Il ressort des pièces du dossier que la société Intervent, puis la société SEPE Le Nouvion, développent un projet de parcs éoliens, pour une puissance de production totale de 48 MW, situés sur le territoire des communes de Brailly-Cornehotte et de Gueschart dans la Somme (80).

Le projet de parcs éoliens est réparti sur cinq sites de production d’une puissance inférieure ou égale à 12 MW. Le projet de la société parc éolien de Saint-Riquier 1 est localisé sur les lieuxdits « Le Mont à Bouteilles » et « l’Epinette » à Brailly-Cornehotte et « Le Chemin Saint-Vast » à Gueschart accueillant 5 éoliennes pour une puissance de 11,5 MW. Le projet de la société parc éolien de Saint-Riquier 2 est, également, localisé sur les lieux-dits « Le Nouvion » et « Le Buisson Renaut » à Gueschart accueillant 6 éoliennes pour une puissance de 12 MW.

Le 18 août 2004, la société Fairtec, mandatée par la société Intervent, a demandé à la société RTE une étude détaillée pour le raccordement au réseau public de transport de son projet « parc éolien de Saint-Riquier », constitué de 4 tranches de 12 MW.

Le 14 avril 2005, la société Intervent a signé la proposition technique et financière transmise par la société RTE le 17 janvier 2005, et a versé l’acompte demandé. Le raccordement proposé consistait à utiliser la ligne 225 kV existante « Argœuves – Sorrus » pour raccorder le nouveau poste de livraison « Brailly » en piquage. La proposition technique et financière évaluait le montant prévisionnel des travaux de raccordement à 1 424 660 € HT et prévoyait une durée de 36 mois pour leur réalisation.
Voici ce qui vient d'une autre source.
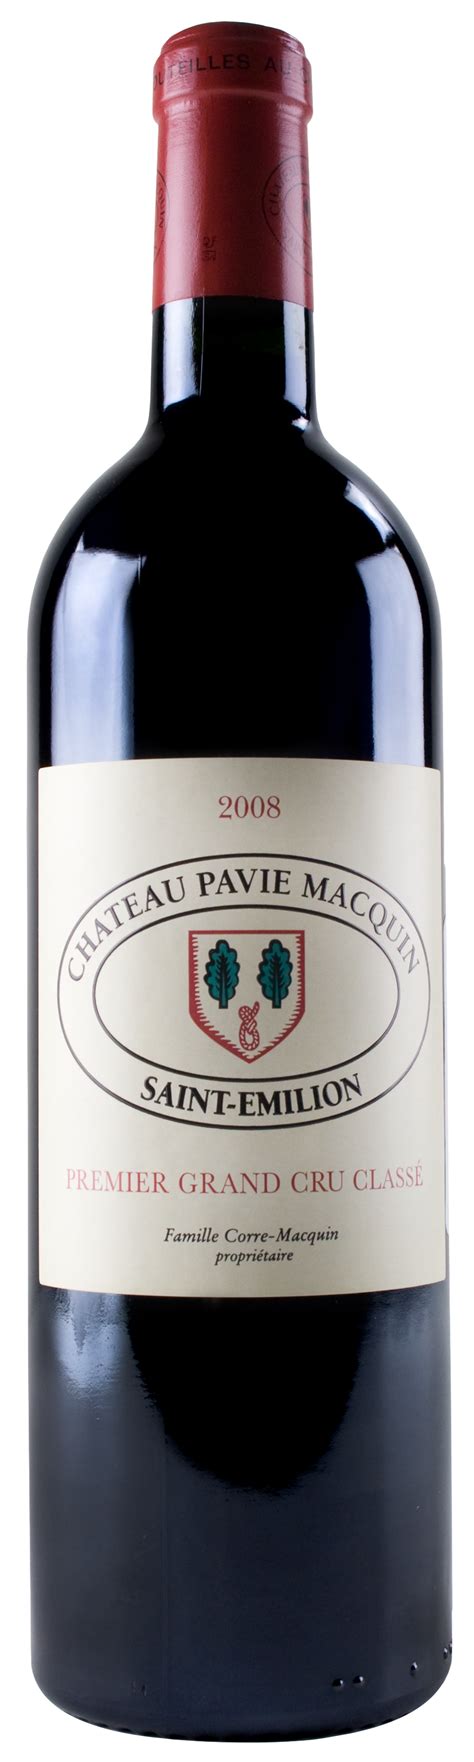 Le terroir du château pavie macquin. 2008 Chateau Pavie Macquin | Wine Library
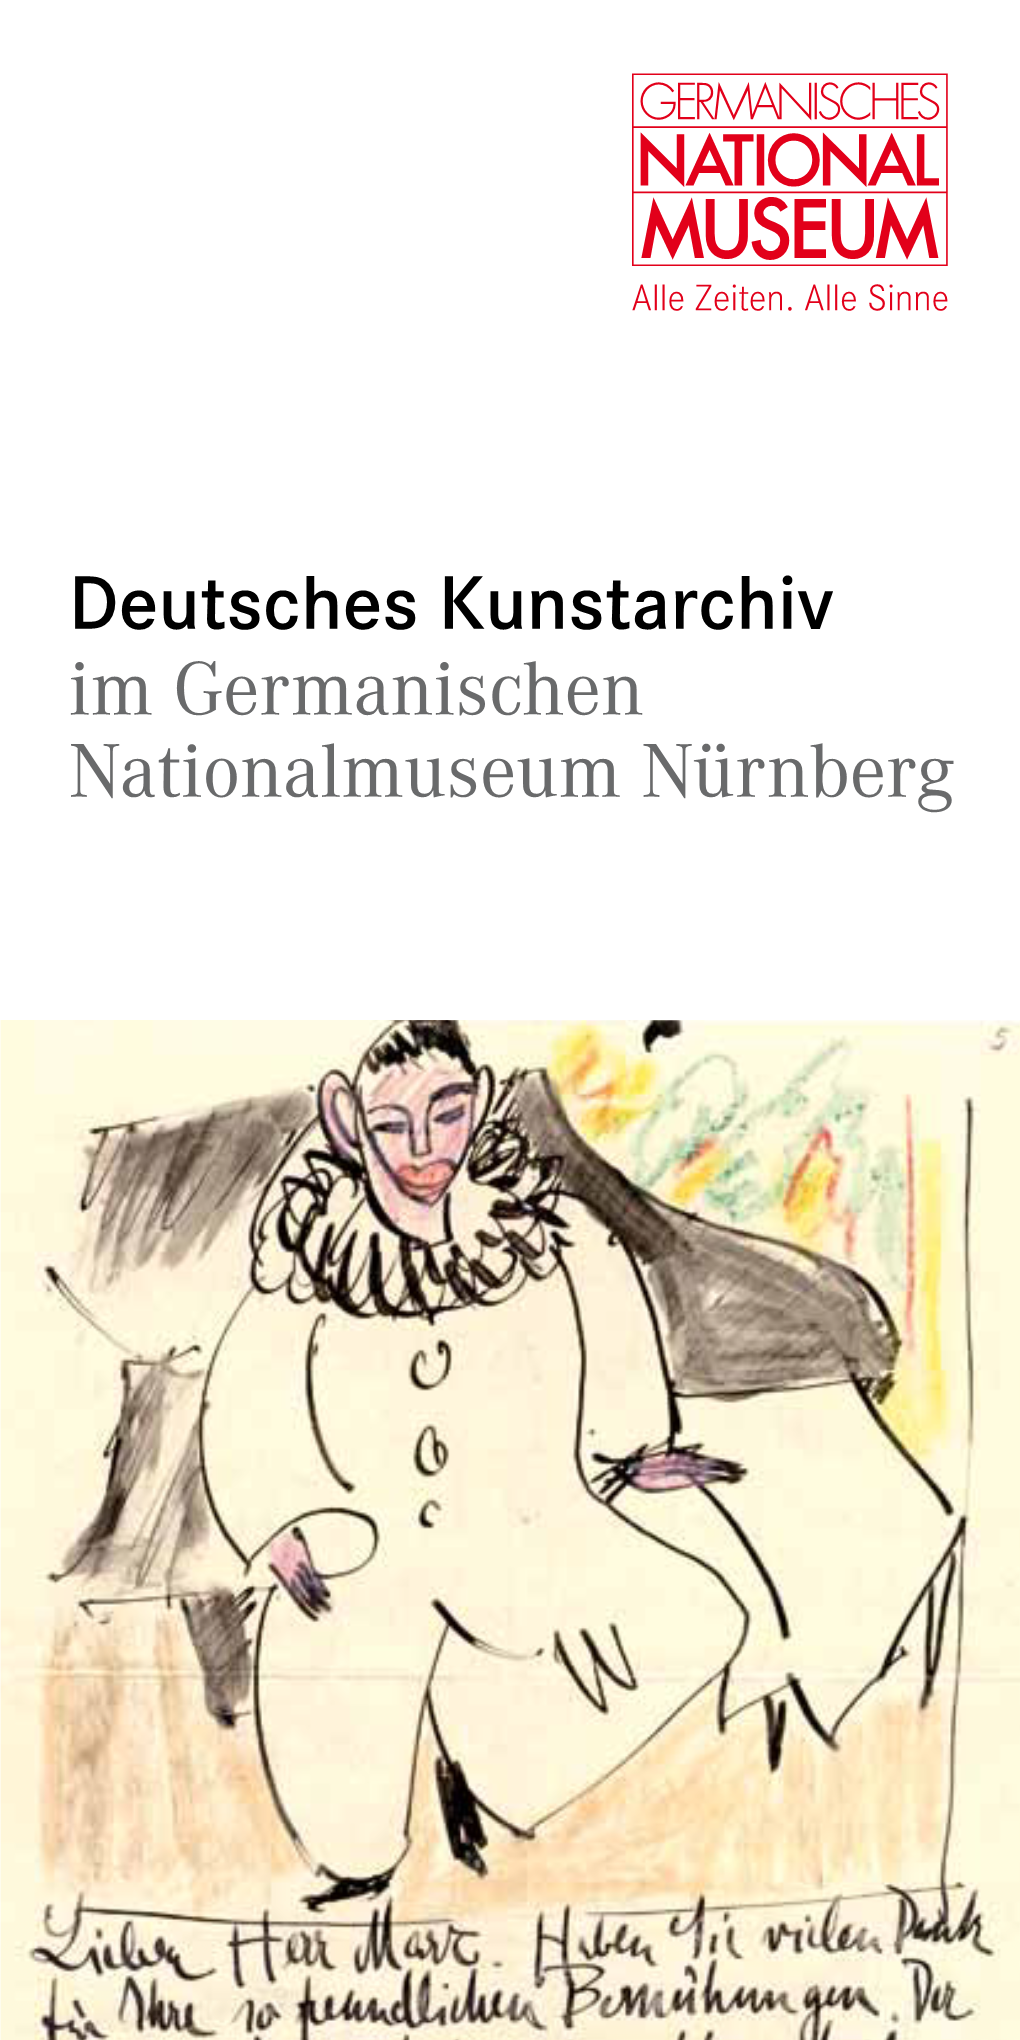 Deutsches Kunstarchiv Im Germanischen Nationalmuseum Nürnberg Deutsches Kunstarchiv Im Germanischen Nationalmuseum Nürnberg

Une clause de substitution de la proposition au profit de la société SEPE Le Nouvion était expressément prévue.

Le 28 août 2005, la société Intervent a demandé à la société RTE de confirmer que la capacité d’accueil de la ligne 225 kV était suffisante pour accueillir un parc éolien d’une capacité de 48 MW dans le cadre de la création d’une zone de développement de l’éolien (ZDE).

Le 20 décembre 2005, la société Intervent a demandé à la société EDF un contrat d’achat pour un projet d’installation de 24 éoliennes, d’une puissance maximale de 55,2 MW.

En réponse, le 30 décembre 2005, la société EDF a informé la société Intervent qu’aucun arrêté préfectoral n’avait été pris pour la création d’une zone de développement de l’éolien et qu’en conséquence elle ne pouvait pas donner une suite favorable à cette demande et pour une puissance installée de 55,2 MW.

Le 2 janvier 2006, la société Intervent a demandé à la société RTE la possibilité de raccorder une puissance totale de 55,2 MW au lieu des 48 MW demandés initialement.

Le 20 février 2006, la société Intervent a informé la société RTE que les données transmises pour l’augmentation de puissance concernaient un raccordement de 5 groupes d’éoliennes de puissance inférieure à 12 MW et indépendants les uns des autres et qu’elle examinait la possibilité de créer une zone de développement éolien (ZDE).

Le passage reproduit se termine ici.